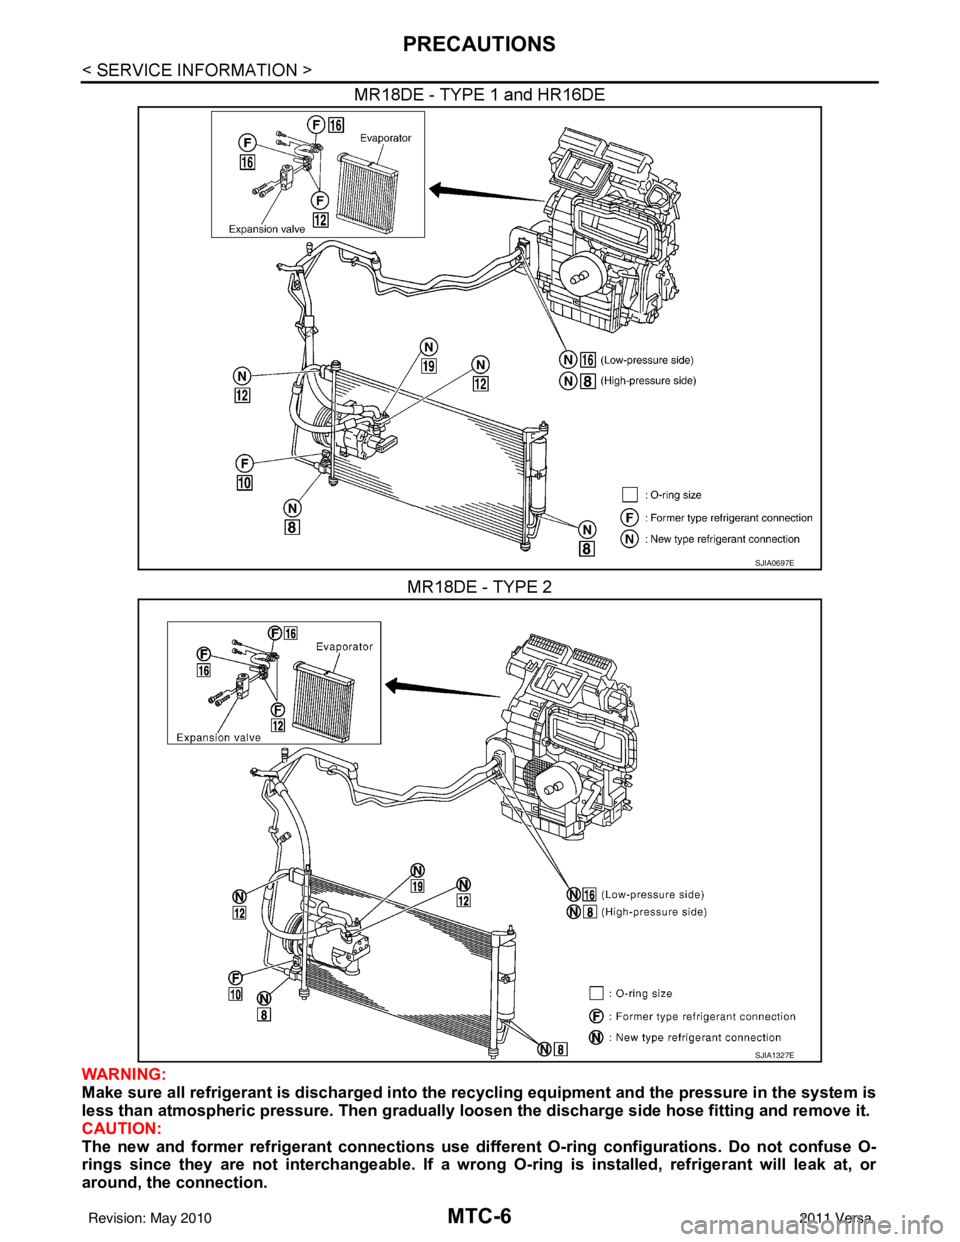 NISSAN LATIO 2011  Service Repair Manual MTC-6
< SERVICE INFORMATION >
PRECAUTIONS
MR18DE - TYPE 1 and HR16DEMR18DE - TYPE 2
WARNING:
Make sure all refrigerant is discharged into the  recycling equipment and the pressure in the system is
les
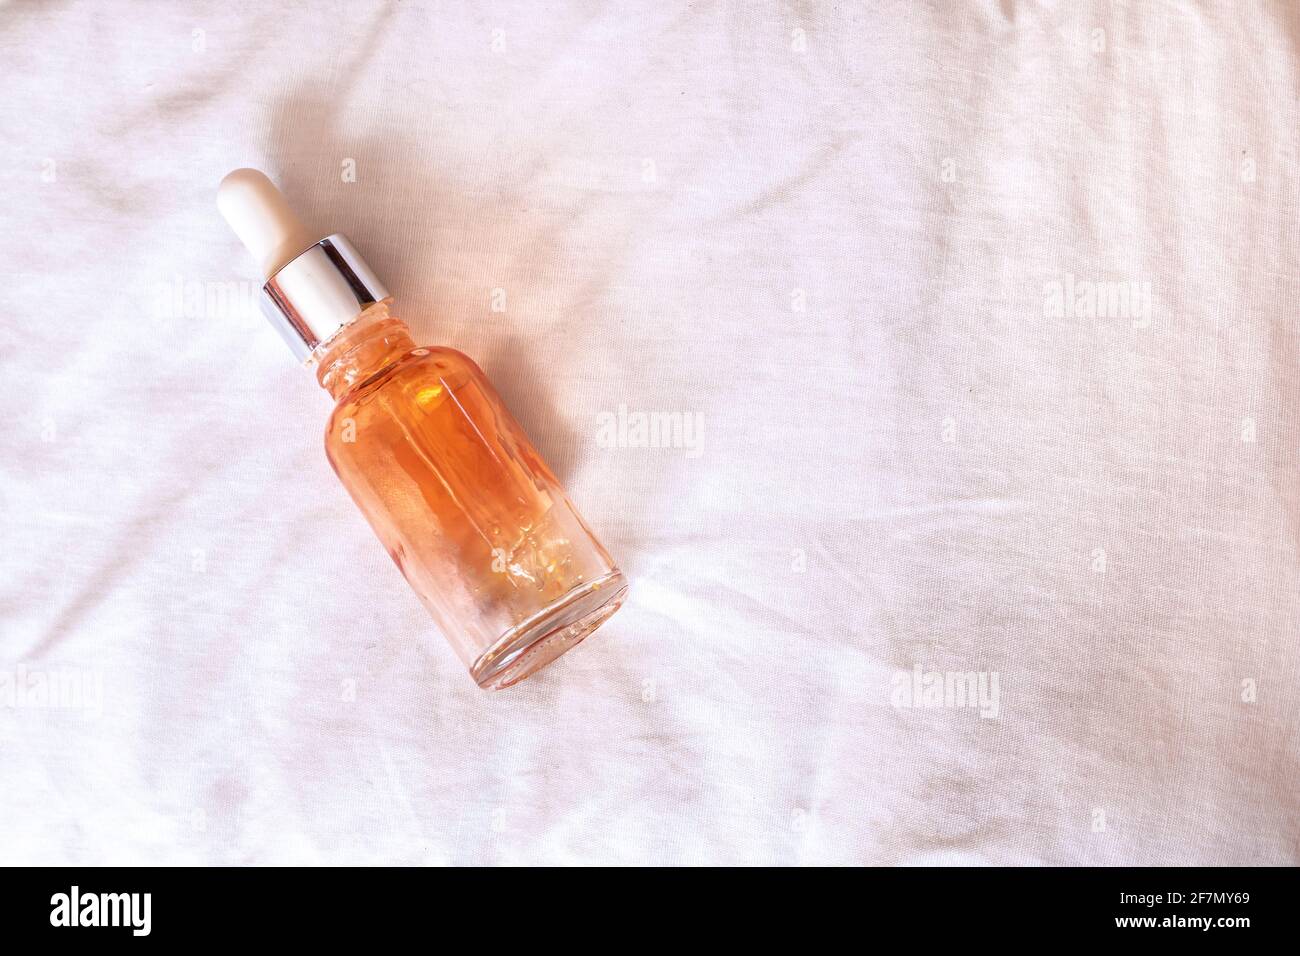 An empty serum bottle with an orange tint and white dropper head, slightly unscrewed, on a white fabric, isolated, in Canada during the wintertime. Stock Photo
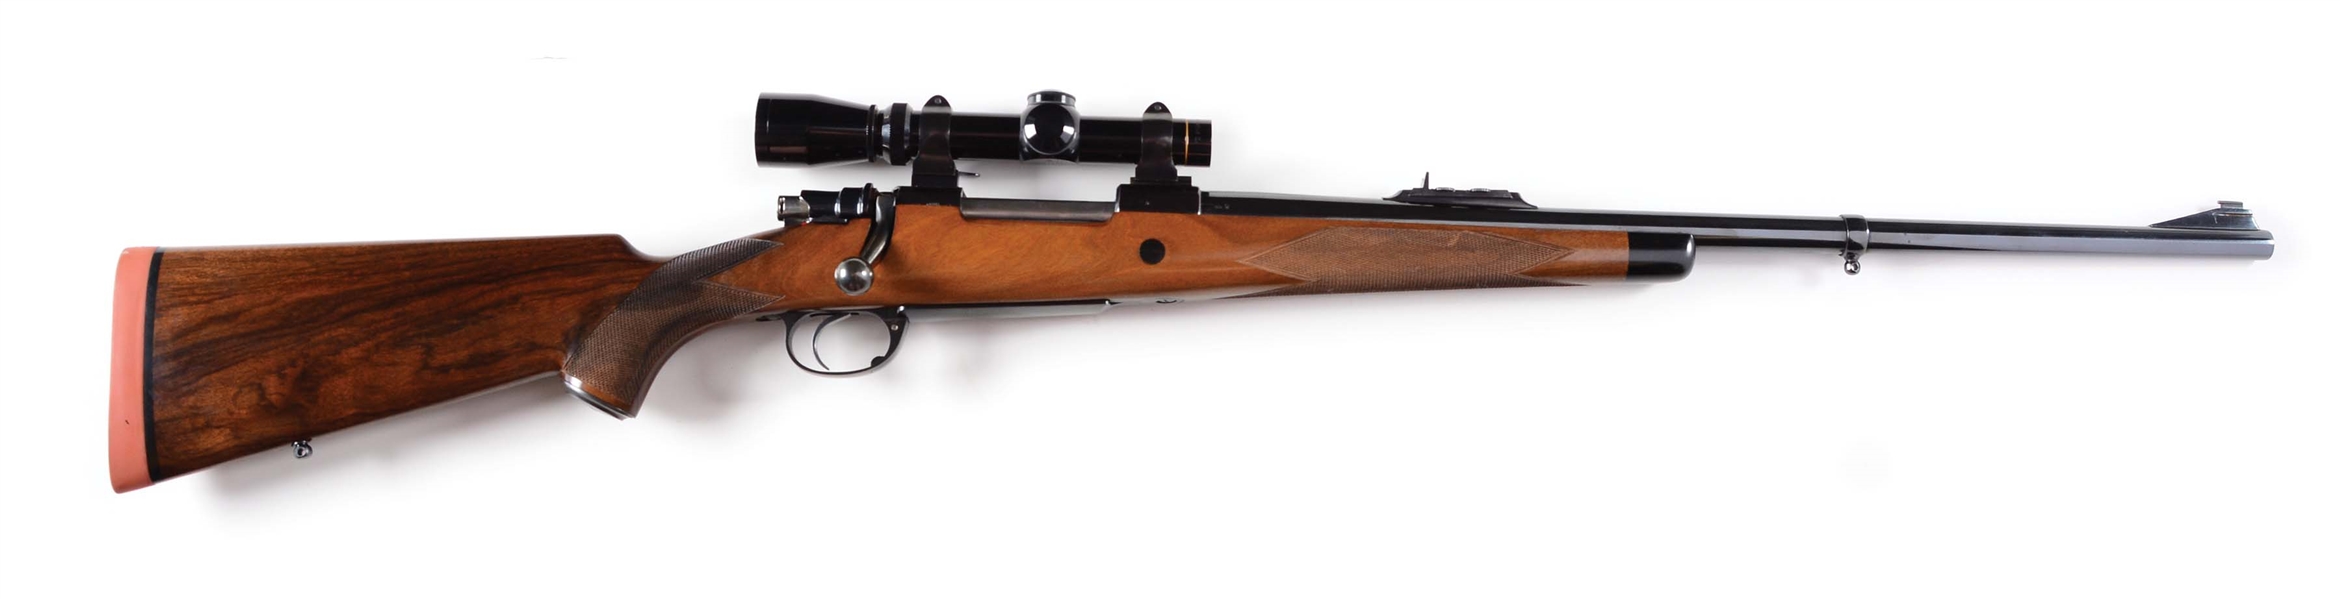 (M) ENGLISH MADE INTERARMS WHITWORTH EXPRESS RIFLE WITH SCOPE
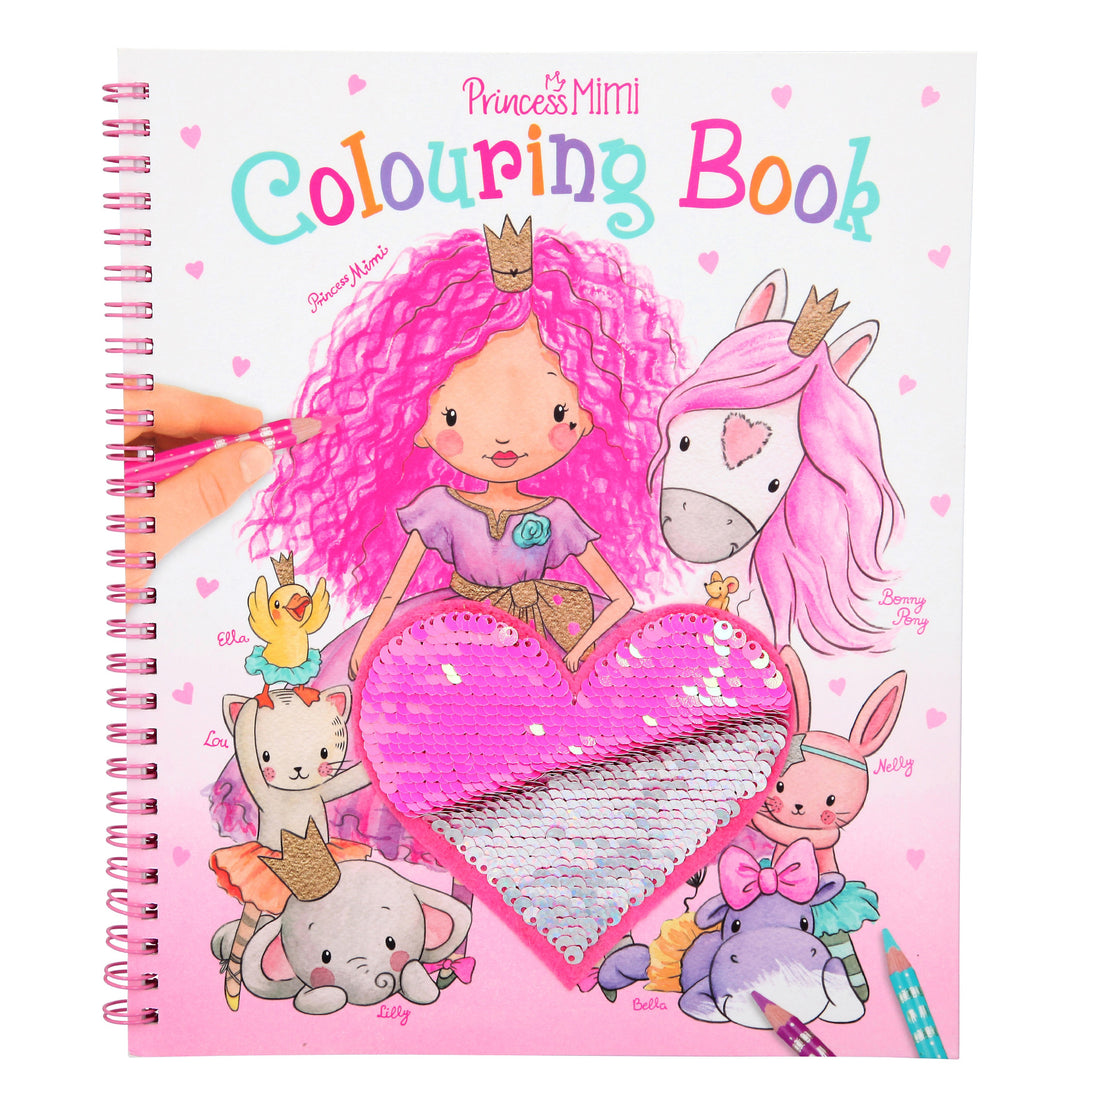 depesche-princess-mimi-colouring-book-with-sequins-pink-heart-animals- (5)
##########
Exercise: In the answer, the data should reappear exactly, with no pictures.

Reply:
 NISSAN LATIO 2011  Service Repair Manual MTC-6
< SERVICE INFORMATION >
PRECAUTIONS
MR18DE - TYPE 1 and HR16DEMR18DE - TYPE 2
WARNING:
Make sure all refrigerant is discharged into the  recycling equipment and the pressure in the system is
les
 An empty serum bottle with an orange tint and white dropper head, slightly unscrewed, on a white fabric, isolated, in Canada during the wintertime. Stock Photo
 (M) ENGLISH MADE INTERARMS WHITWORTH EXPRESS RIFLE WITH SCOPE
 depesche-princess-mimi-colouring-book-with-sequins-pink-heart-animals- (5)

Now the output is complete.